[Opening Given information section]
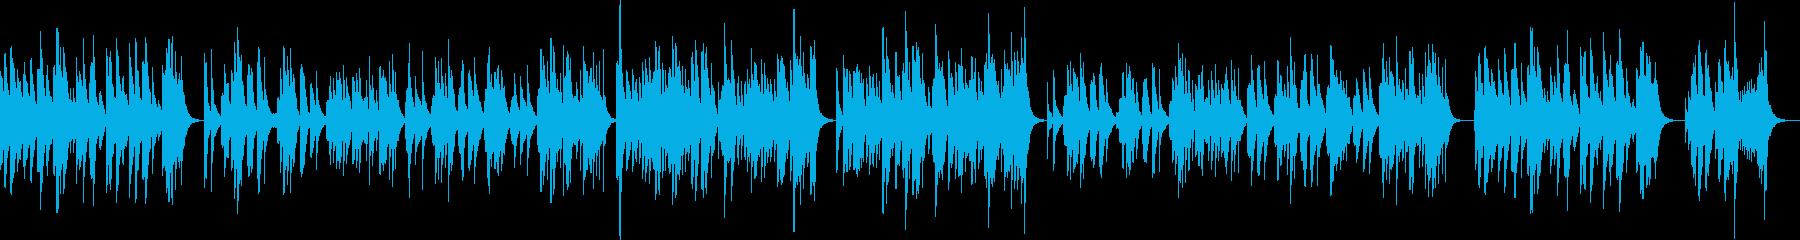 木琴・マリンバで考えてみようのテーマの再生済みの波形
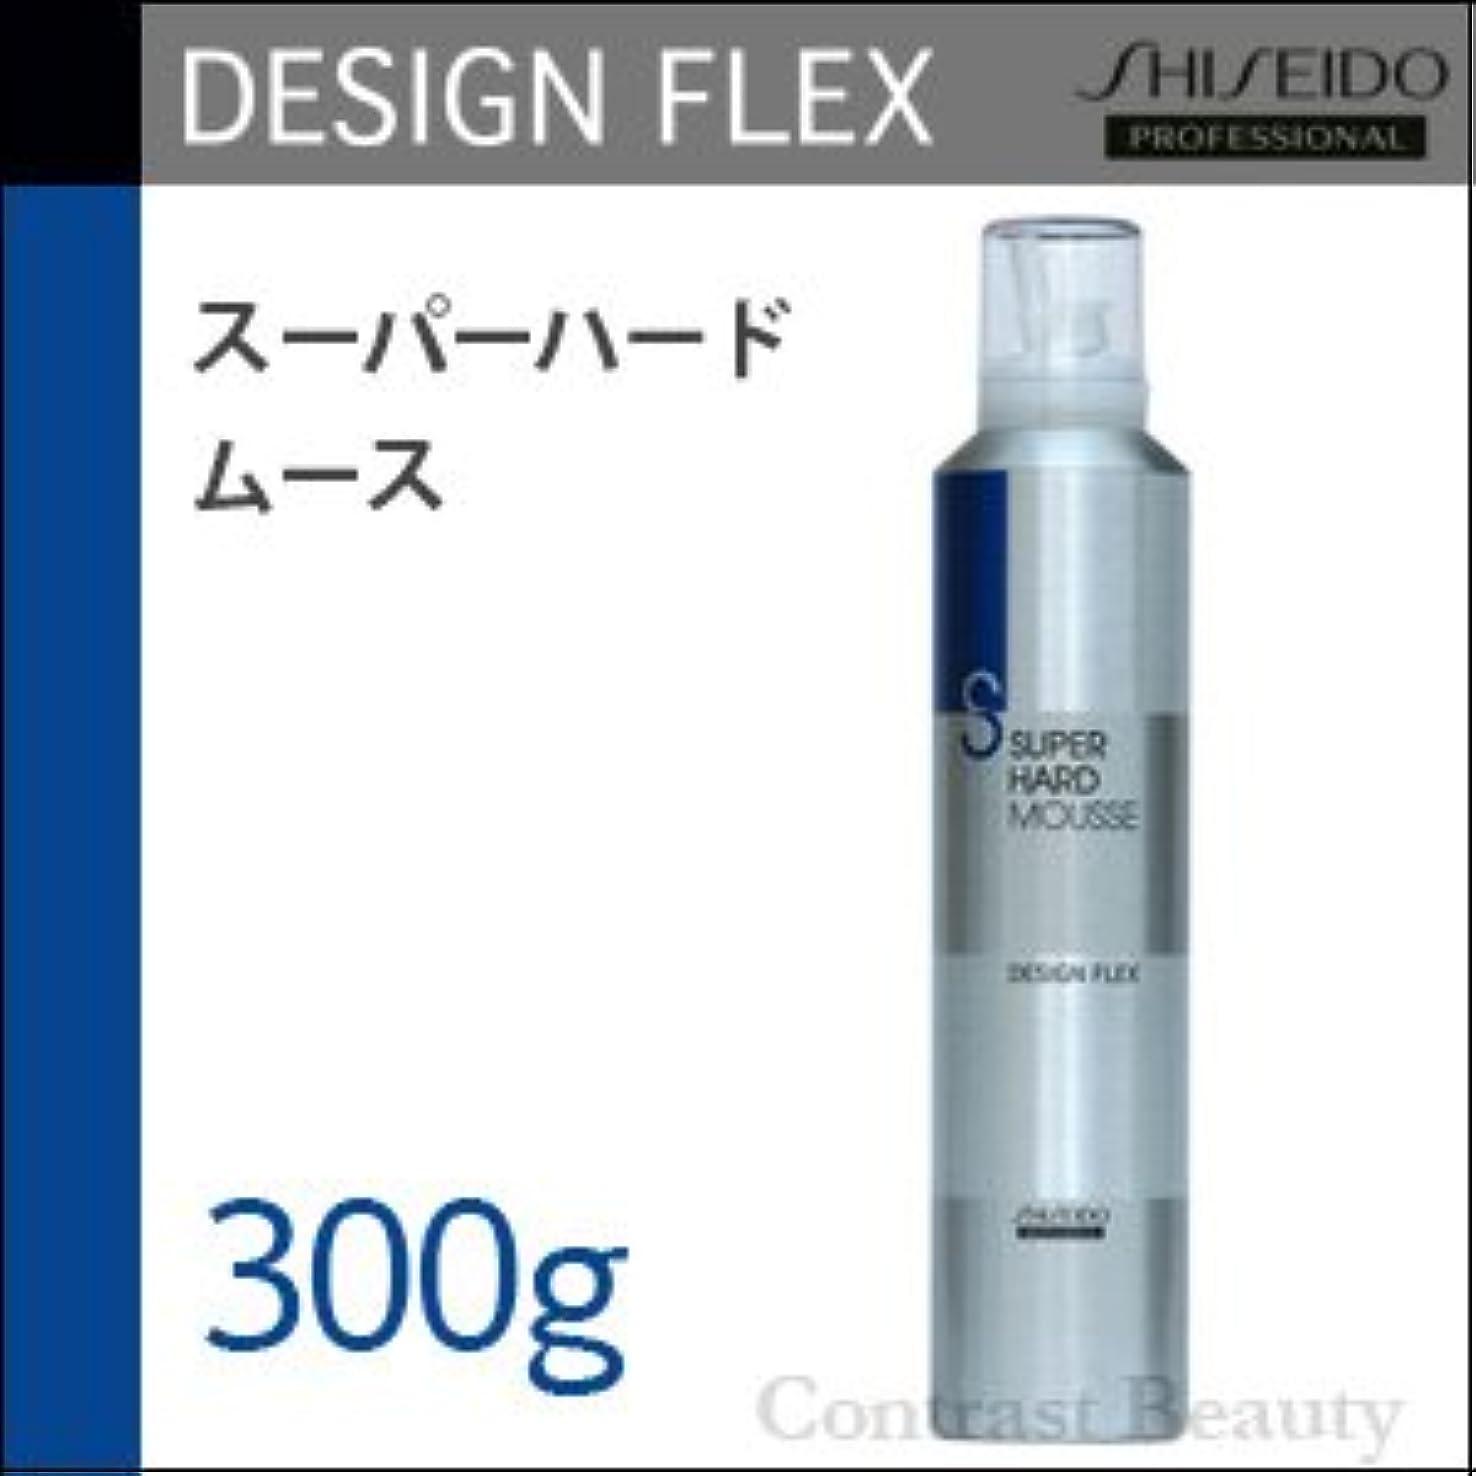 ダイバー場所槍【x3個セット】 資生堂 デザインフレックス スーパーハードムース 300g
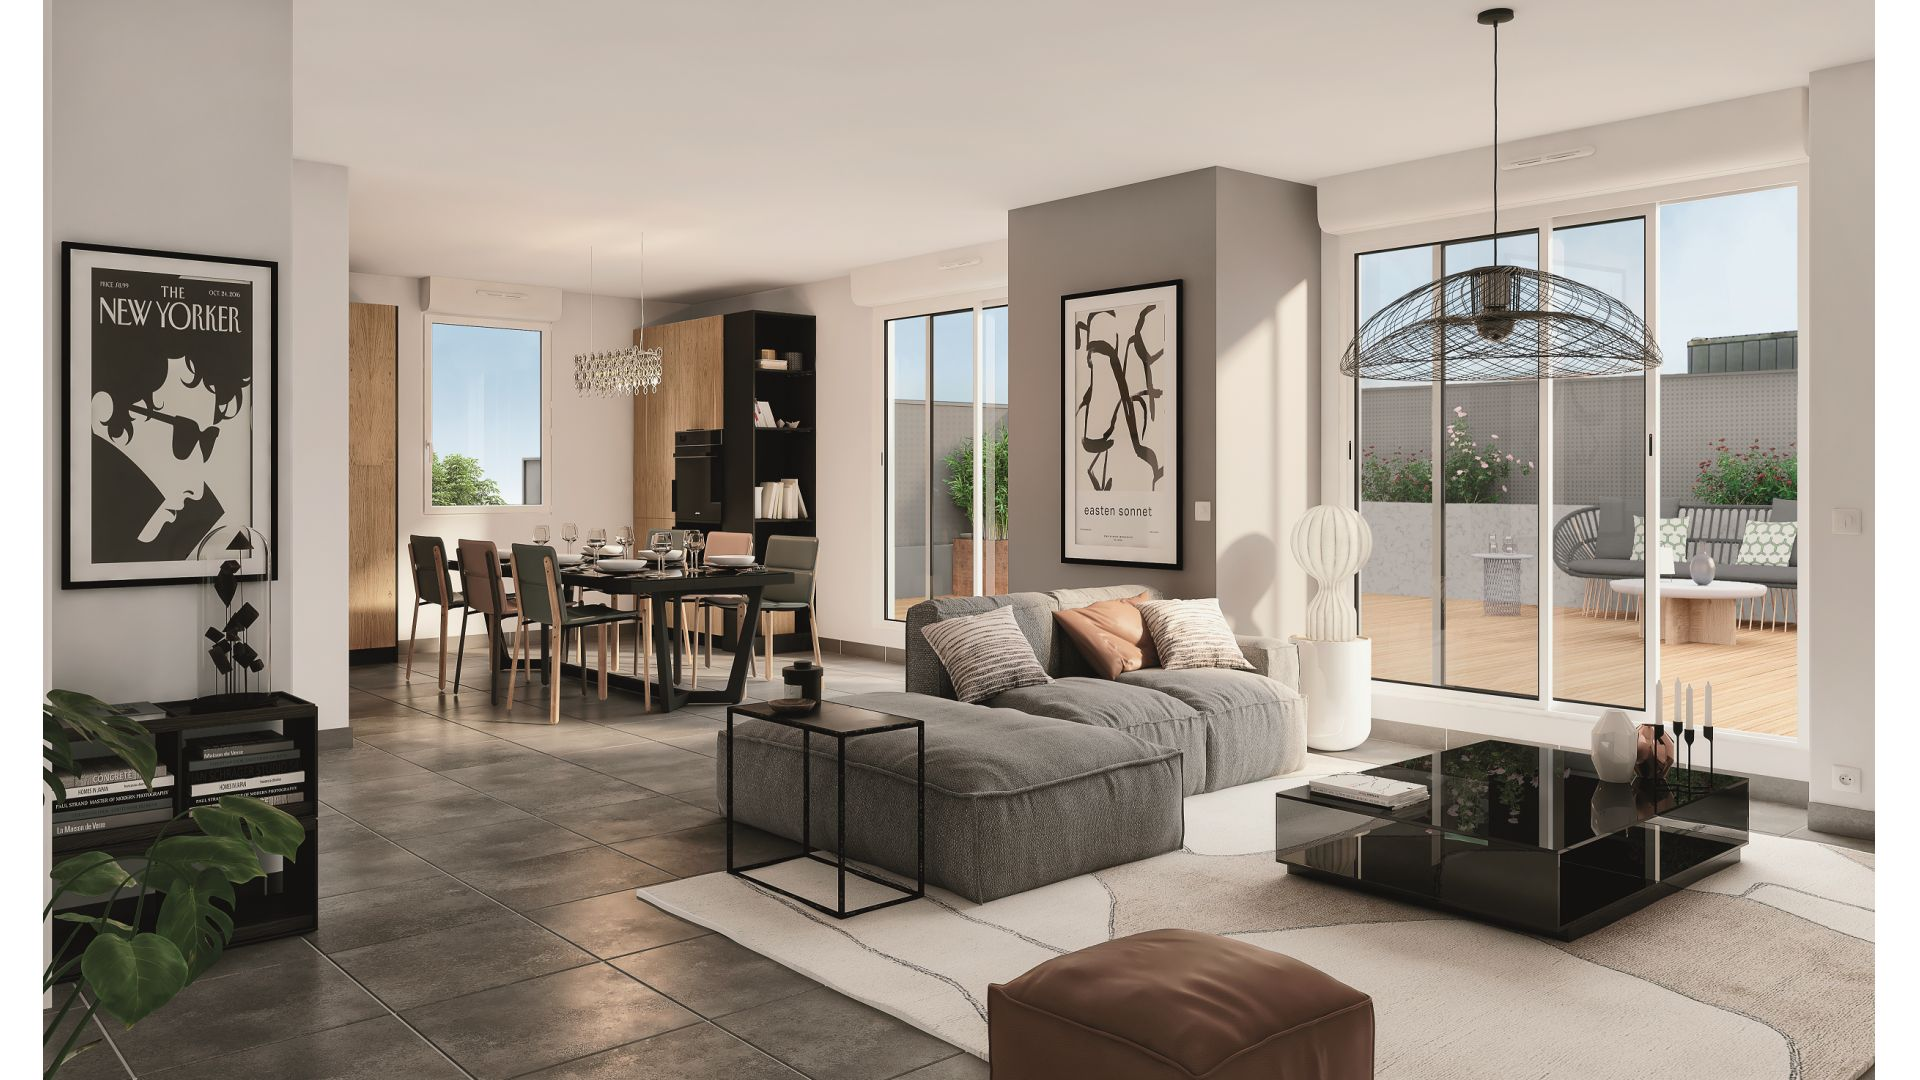 Greencity Immobilier - Résidence Les Camélias - Toulouse Croix Daurade 31200 - à vendre appartements - immobilier neuf du T2 au T4 Duplex - vue intérieure
[Closing Given information section]
**Task item:**
Make an exact copy of the listing, with no images in it.

**Solution to the exercise:**
 木琴・マリンバで考えてみようのテーマの再生済みの波形
 ダイバー場所槍【x3個セット】 資生堂 デザインフレックス スーパーハードムース 300g
 Greencity Immobilier - Résidence Les Camélias - Toulouse Croix Daurade 31200 - à vendre appartements - immobilier neuf du T2 au T4 Duplex - vue intérieure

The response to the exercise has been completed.